Tisha B'Av: How do Israelis grieve?

Survey shows four percent of Israelis visit Western Wall, over a third of Israelis - not all of them religious - observe the fast.

Arutz Sheva Staff,

Tisha B'Av
Tisha B'Av
Flash 90
The fast day of Tisha B'Av 2018 begins on Saturday night July, 21 and end sundown, July 22. The fast marks the day when the Spies returned to Moses and the Jewish People in the desert, speaking falsehoods about the Land of Israel.

It also marks the destruction of the two Holy Temples in Jerusalem. After the Second Temple was destroyed, no Jewish government existed in Israel until 1948, when the modern State of Israel was founded.

Newspapers report that thousands, even tens of thousands stand before the Kotel on Tisha B'av. The Jewish People Policy Institute's (JPPI) Israeli-Judaism research project found that the number of Israeli Jews who say they visit the Western Wall on Tisha B'av is more than two hundred thousand. Assuming that some respondents were less than forthcoming and that not all of them show up every year, the fact that they state their willingness to show up has meaning and shows they feel it is necessary to visit the Kotel on Tisha B'av .

Who are these two hundred thousand people? Four percent of Israeli Jews say that they visit the Western Wall on Tisha B'av, almost two hundred and fifty thousand Jews. The research shows that they are religious or haredi.

According to the survey, which was conducted by Professor Camil Fuchs, a little more than thirty percent of Israelis (31 percent) define themselves as liberal–religious, religious, haredi Zionist, or haredi. About 9 percent of religious and haredi and Jews and three percent of traditional Jews say they visit the Western Wall on Tisha B'av. The percentage of secular Jews who visit the Western Wall on Tisha B'av is nearly zero.

Approximately a third of Jewish Israelis fast on Tisha B’av. Like any other fast, some Jews (36 percent) fast for the entire day, some (6 percent) fast only part of the day, and some (2 percent) avoid food but drink fluids.

Fewer Israeli Jews fast on Tisha B’Av than on Yom Kippur (the Day of Atonement). The study shows that Tisha B'av is a more sectorial fast, unlike Yom Kippur when many traditional and secular Jews partake. For example, 91 percent of traditional Israelis fully fast on Yom Kippur while only 27 percent of them do the same on Tisha B'av.

This difference is nonexistent in the haredi sector, where 97 percent fast on Tisha B'av and 99 percent fast on Yom Kippur.

A larger number of Jews observe the longer 25-hour fasts, Yom Kippur and Tisha B'Av, than the shorter "minor" fasts. Thirty-one percent of Jews observe the religious tradition of not wearing leather on Tisha B'av and most of those who observe the fast also wear canvas shoes.
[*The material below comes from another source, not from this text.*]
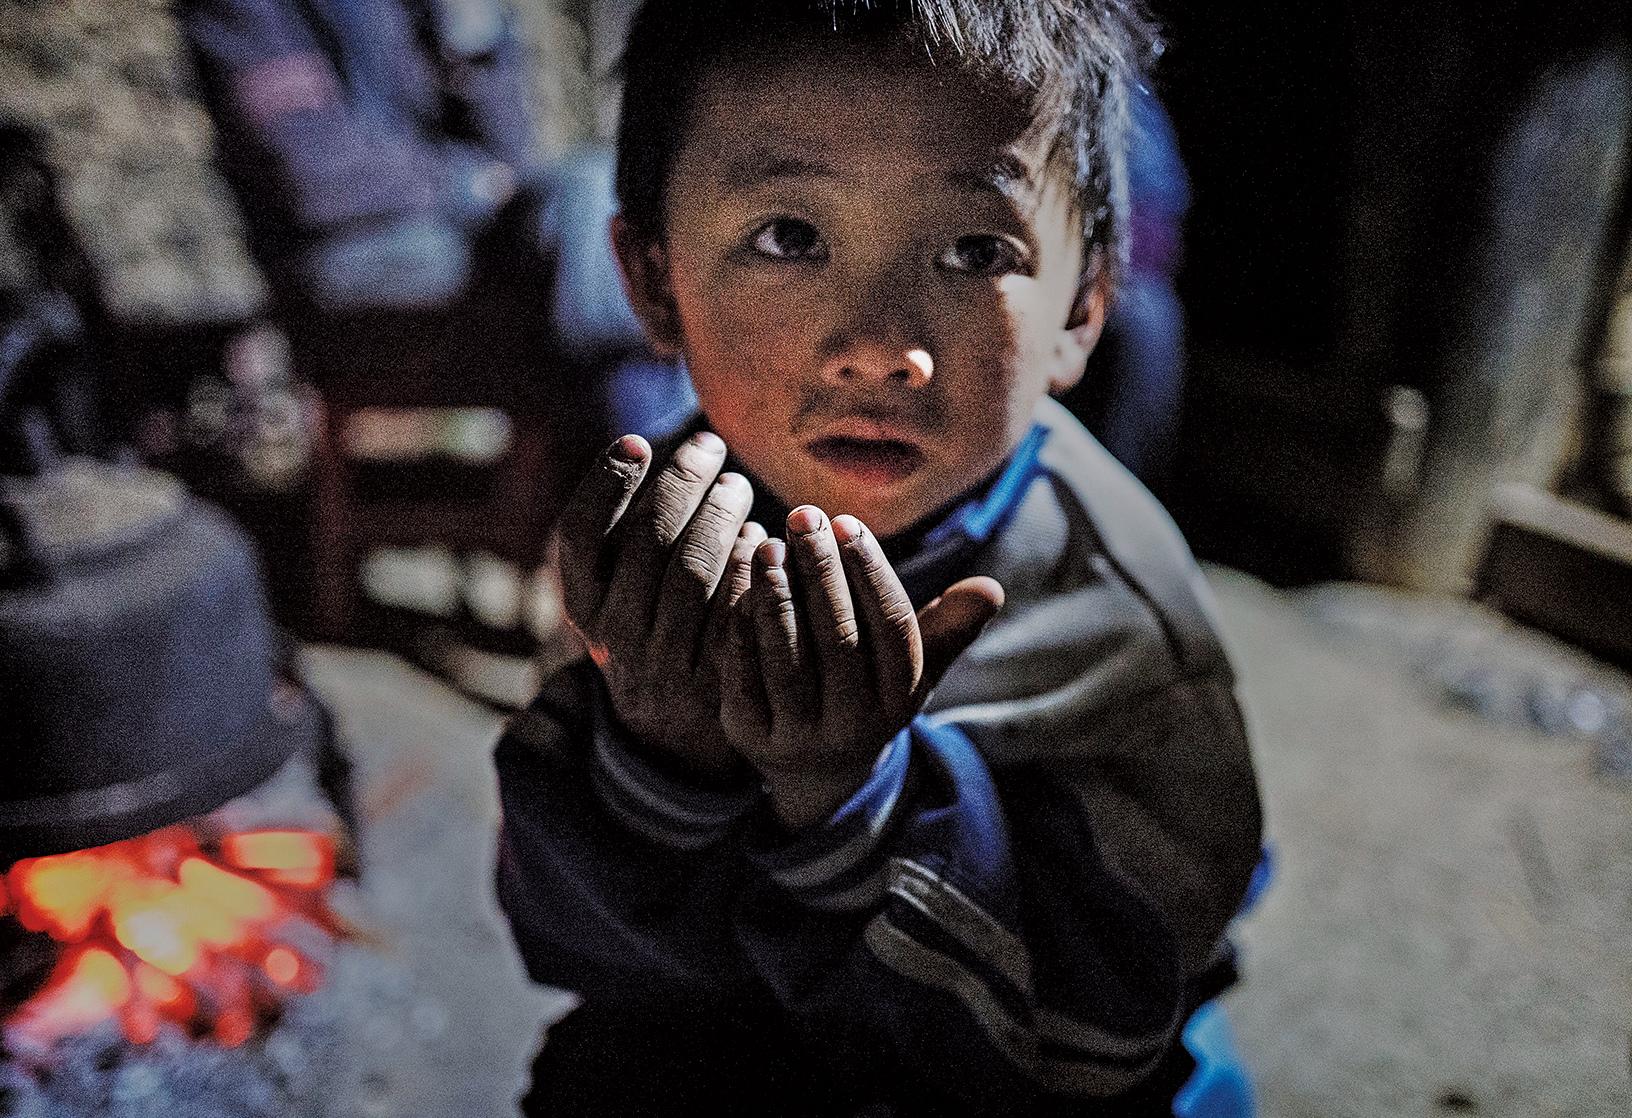 中共不斷搞政治運動,嚴重破壞國家建設和民生發展,加上官僚特權掠奪底層民眾致長期處於極度貧困狀態。(Getty Images)

However, fifty-five percent of Israeli Jews claim that as far as they are concerned, Tisha B'Av is just a regular day. For other national days of mourning like Holocaust Remembrance Day or the Memorial Day Fallen Soldiers and Victims of Terror, only a small percentage of Jews (9 and 5 percent respectively, most of them haredi) claim they are just regular days.

JPPI's analysis was drawn from a survey conducted of 3000 Israeli Jews in two rounds, one of 2000 respondents and another of an additional 1000 respondents, a representative sample of the Jewish public in Israel. The statistical margin of error for the sample of 3000 is 1.8 percent.